To help with this, Intel offered a “Cluster on Die” configuration option in the BIOS that treated the two rings as independent processors. The operating system would show the CPU being split into two NUMA nodes, each with direct access to half the local memory and L3 cache. Testing in CoD mode showed that latency within each ring stayed under 50ns while access to the other ring took over 100ns, illustrating the latency penalty of going through the buffered switches.

While these methods helped Intel increase core counts to 24, it was not an elegant nor scalable solution. Adding a third ring and two more sets of buffered switches would be too complicated and impractical, creating many NUMA clusters. A new interconnect architecture was required for more cores.

![Image 14](https://substackcdn.com/image/fetch/$s_!pozD!,f_auto,q_auto:good,fl_progressive:steep/https%3A%2F%2Fsubstack-post-media.s3.amazonaws.com%2Fpublic%2Fimages%2F216a402f-a60c-42f3-b7e4-00546356b555_3010x1685.png)

Intel Knights Landing Mesh Interconnect. Source: Intel, Hot Chips 2016

To solve the scalability problem, Intel adopted the mesh interconnect architecture used in their 2016 Xeon Phi “Knights Landing” processor for their mainline Skylake-X Xeon Scalable CPUs in 2017, bringing 28 cores in the XCC die. While core counts did not increase much over Broadwell, the design would form the base that would scale core counts over the next decade.

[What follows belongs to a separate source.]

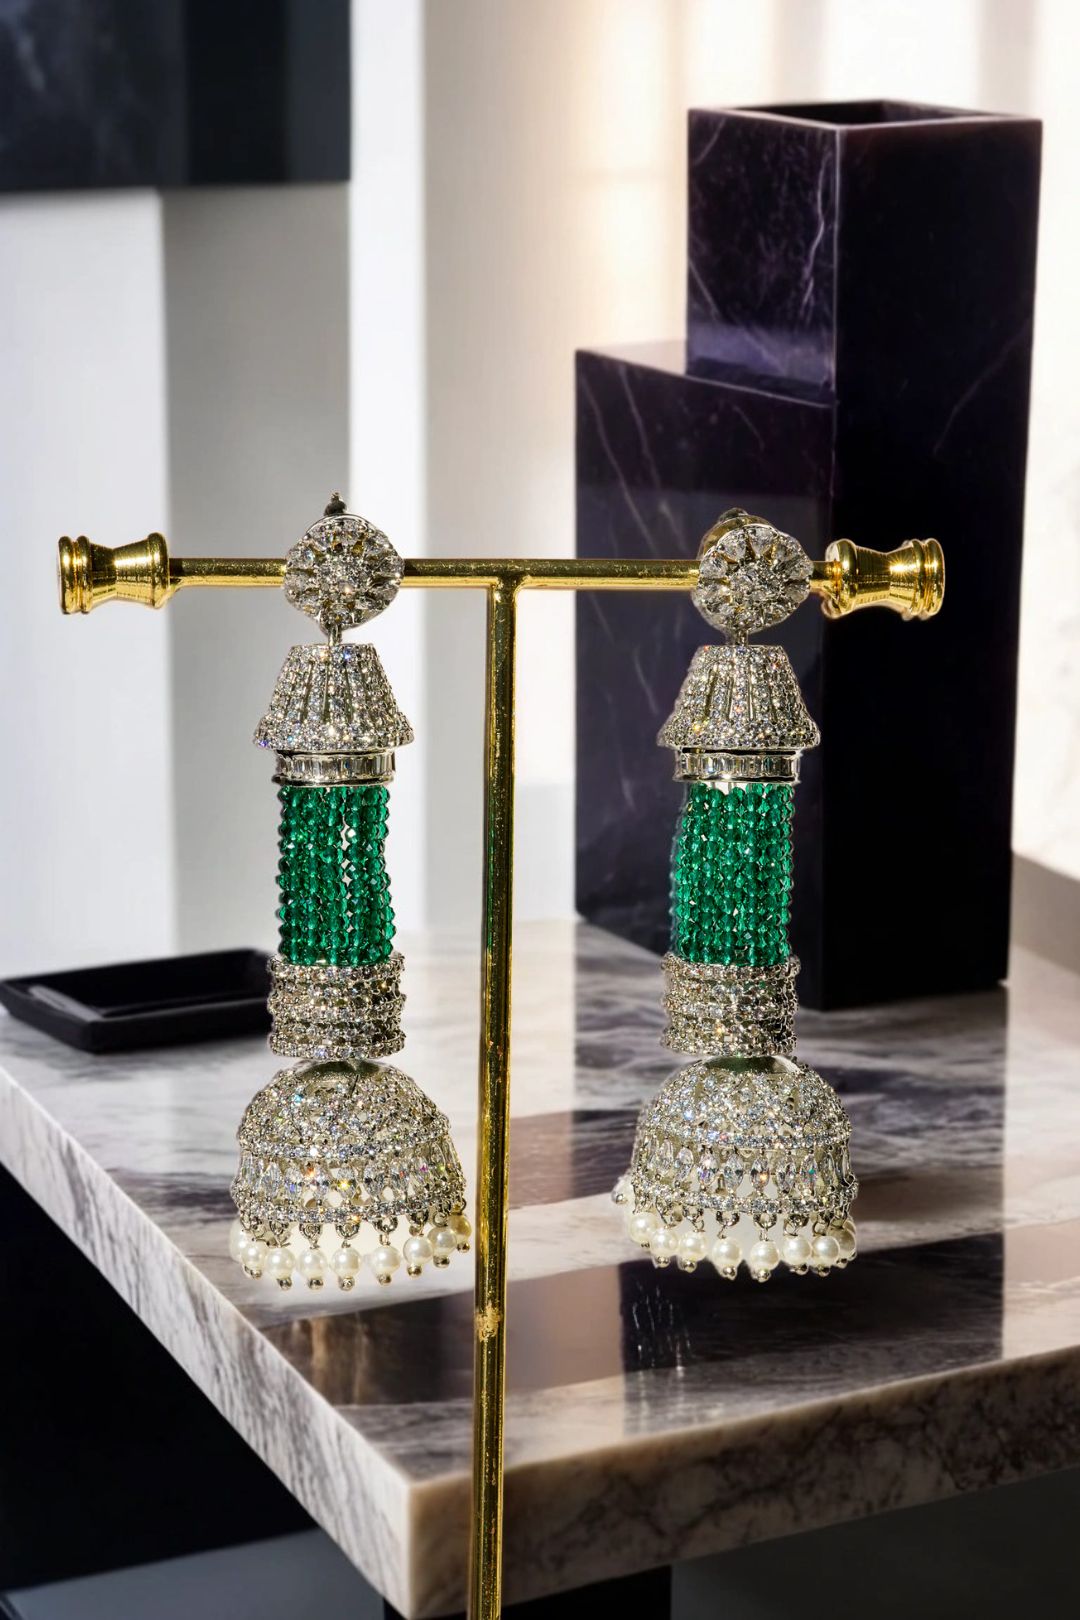 Riya Tassel AD Chandelier Earrings with Jhumkas in pink, green, and light green with AD stones and diamante accents

In a mesh architecture, cores are arranged in a grid, with each column and row connected with half rings, forming a 2D mesh array. Each mesh stop can house cores and L3 cache slices, PCIe IO, the IMC, and accelerators. Routing between cores is done in a circular manner, with data travelling in the vertical direction before moving horizontally across. The caching and home agents are now distributed across all the ring stops along with their snoop filters for memory coherence across the network.

With a mesh network and multiple memory controllers on opposite sides of the die, memory access and core to core latency would vary significantly with large meshes. As with the earlier Cluster on Die approach, several clustering modes were offered that split the mesh into quadrants for Sub-NUMA Clustering (SNC), reducing average latencies at the expense of treating each processor as multiple sockets with smaller L3 and memory access pools for each NUMA node.

In Knights Landing, each mesh stop housed two cores with a shared L2 cache. The mesh grid is 6 columns by 9 rows in size, with top and bottom rows more IO and MCDRAM. The mesh network runs on it’s own clock, and can dynamically adjust mesh clocks to save power. On Knights Landing, the mesh ran at 1.6GHz.

![Image 15](https://substackcdn.com/image/fetch/$s_!b8mI!,f_auto,q_auto:good,fl_progressive:steep/https%3A%2F%2Fsubstack-post-media.s3.amazonaws.com%2Fpublic%2Fimages%2Ffb55424a-5436-4909-83f4-57f750341ca1_1951x1654.png)

Skylake-SP Mesh Diagram. Source: Intel

With Skylake-X, the 28 cores are arranged in a 6x6 mesh with a north IO cap and 2 spots for the IMC on the sides. The mesh array is smaller due to the size of the cores, which added more L2 cache and an AVX-512 extension to the core for increased floating point performance. The die size would exceed the 26 x 33 mm reticle limit if another row or column were to be added. With a smaller mesh and higher CPU frequencies of up to 4.5GHz, the mesh clock was increased to 2.4GHz, allowing similar average latencies to Broadwell’s dual rings.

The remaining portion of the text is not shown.